Bon-a-tirer est une revue littéraire diffusant en ligne, en version intégrale des textes courts originaux et inédits écrits spécialement pour le Web par des écrivains actuels principalement de langue française.







Le livre à venir ? L'histoire de Karl et Lola, frère et soeur dans une ville dont l'industrie se meurt. À ce stade de l'écriture, je vois un fleuve, la neige, la canicule, deux pommes pourries, deux miroirs, un oeil blessé, des oiseaux, un poète de passage.
– Caroline Lamarche

 
LOLA ET LE POÈTE

Un poète envoie des cartes postales à Lola. De tous les lieux où il arpente les colloques, il lui signale qu'il l'attend, qu'il l'invite, qu'il la prie de le rejoindre, qu'il lui promet un séjour merveilleux dans la ville qu'il découvre.Parfois il fait même signer sa compagne du moment, le message alors se fait anodin, Venise est belle sous la pluie, Tu aimerais Amsterdam, Berlin t'attend. De retour de Venise, d'Amsterdam ou de Berlin, le poète appelle Lola tôt le matin, quand il pense que Karl dort encore — et il pense bien, il pense avec sa cervelle de mâle qui n'ignore rien des pièges du harcèlement sélectif. Tout fait farine à son petit moulin. Son agenda du jour porte plusieurs noms de femmes, il connaît l'heure fragile de chacune et s'en sert. La plupart sont ses égales s'agissant de la fonction, de la force de travail, de l'intelligence, mais la plupart croient encore à la bonté — et c'est là qu'intervient le poète : chacune de ses interventions s'assortit d'une manipulation sentimentale, d'un élan d'enfant perdu, et d'une réciprocité imaginée avec tant de despotisme, dans son orgueil de mâle-enfant, de tout-petit-tout-puissant, qu'elle met en branle une fois pour toutes la mécanique fidèle du harcèlement matinal. Qui m'a aimé m'aimera, ainsi pense le poète, veillant sur son harem, en escomptant les bénéfices, car l'une travaille au ministère des Arts et des Lettres, l'autre connaît un attaché d'Ambassade, la troisième est mariée à un organisateur d'événements, la quatrième a une naïveté baisable et un profil de muse. Chacune de ces femmes, jeune ou vieille, est sa confidente, à chacune il se livre dans une exclusivité largement partagée.
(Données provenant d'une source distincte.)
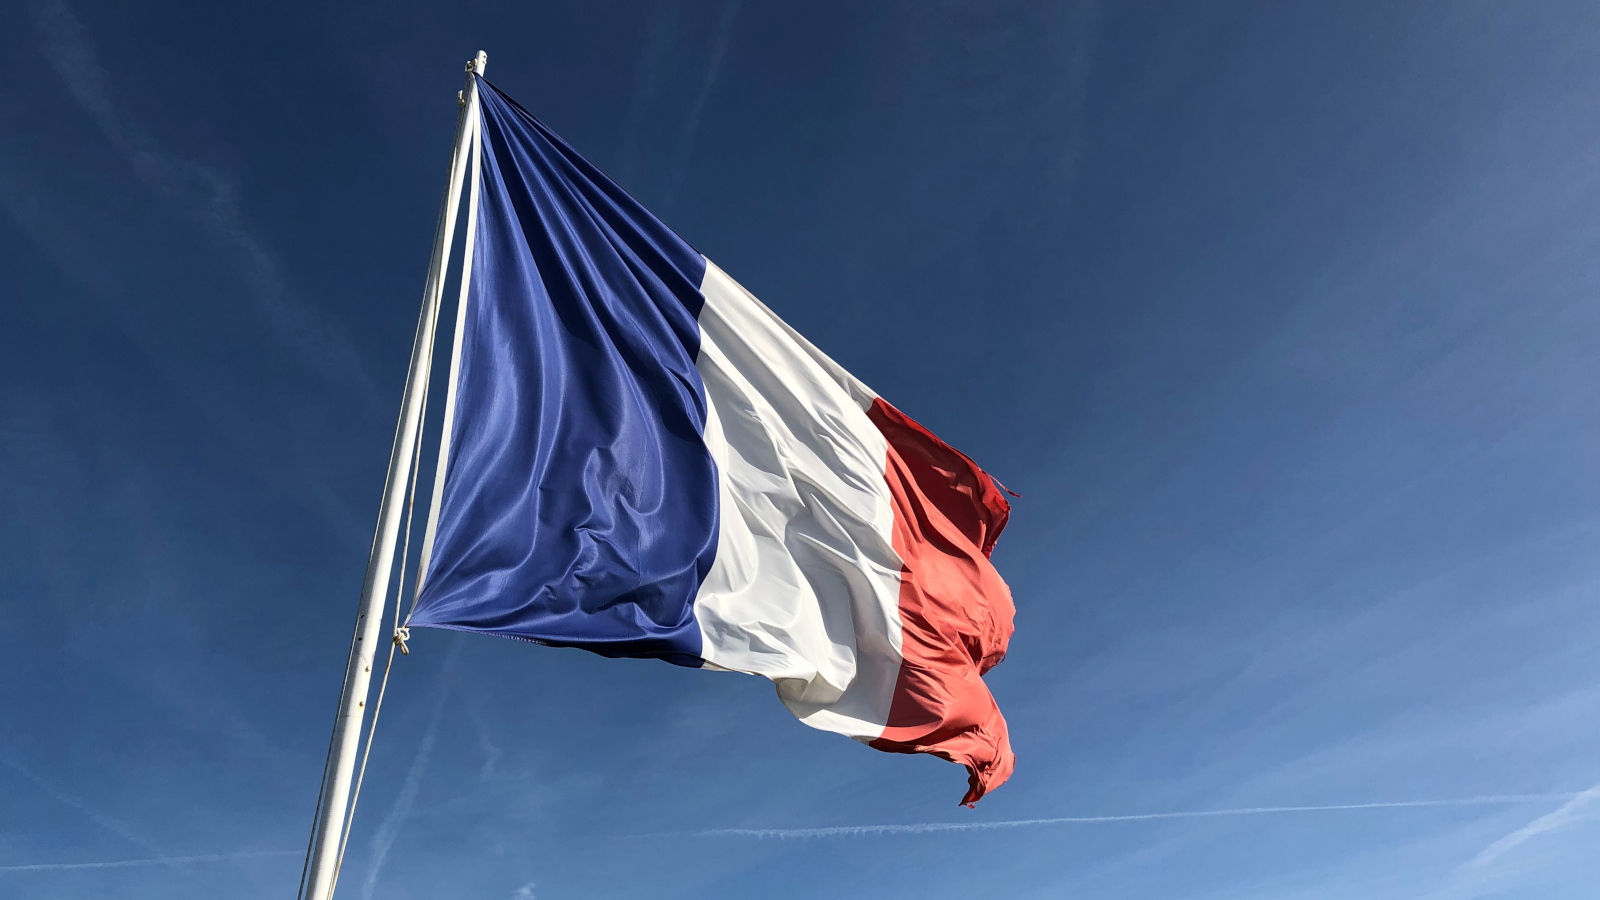 flag-of-france

Aucune d'entre elles, maternelles comme seules peuvent l'être celles qui ont couché par bonté, putes donc par destin, par compassion congénitale, ne révélera ce qu'elle sait, aucune ne trahira le secret, chacune se sentira honorée, à défaut d'être émue, par le harcèlement qui occupe l'heure fragile, tu es la seule à laquelle je puis dire cela, tu es la seule qui puisse le comprendre, je suis bouleversé de te connaître, pouvons-nous nous voir, quand? aujourd'hui? maintenant? quand tu veux…
   Non, dit Lola.
   Non, dira Lola.
   Non, a-t-elle dit autrefois.
   Pourtant elle a couché, comme les autres, avec cet homme qui se disait «perdu» et qui, du milieu de sa perdition, sous le front hâve qui s'abandonnait sur son sein, tenait mentalement l'agenda des candidates à la compassion. Elle a roulé sur son tapis en poil de chèvre, laissé son ergot dressé faire son petit travail, elle a observé cet homme mélanger tout, le social, le professionnel et jusqu'au sacré, par les exclamations qu'il lui a adressées, cet enthousiasme qu'il prétendait exclusif, dont sa sueur témoignait, ses râles et, quand tout fut accompli, sa certitude obtuse d'un contentement réciproque. Jusqu'aux mots qu'il lui a ensuite destinés : il la comparait, sans la nommer, à un voilier blanc venu des Amériques. Ce voilier blanc se retrouva dans une revue poétique, puis dans une émission radio, puis dans un recueil consacré à la Femme : souviens-toi que tu fus mon voilier blanc — ou plutôt :

   Souviens-
   toi
   que tu
   fus
   mon Voilier
  blanc


et chacun de se demander qui fut le voilier blanc du poète.

Pourquoi pas un sous-marin noir soviétique, pensait Lola avec dégoût et mélancolie. Car elle eût, de loin, préféré être le Koursk pour autant qu'il fût chargé de poètes.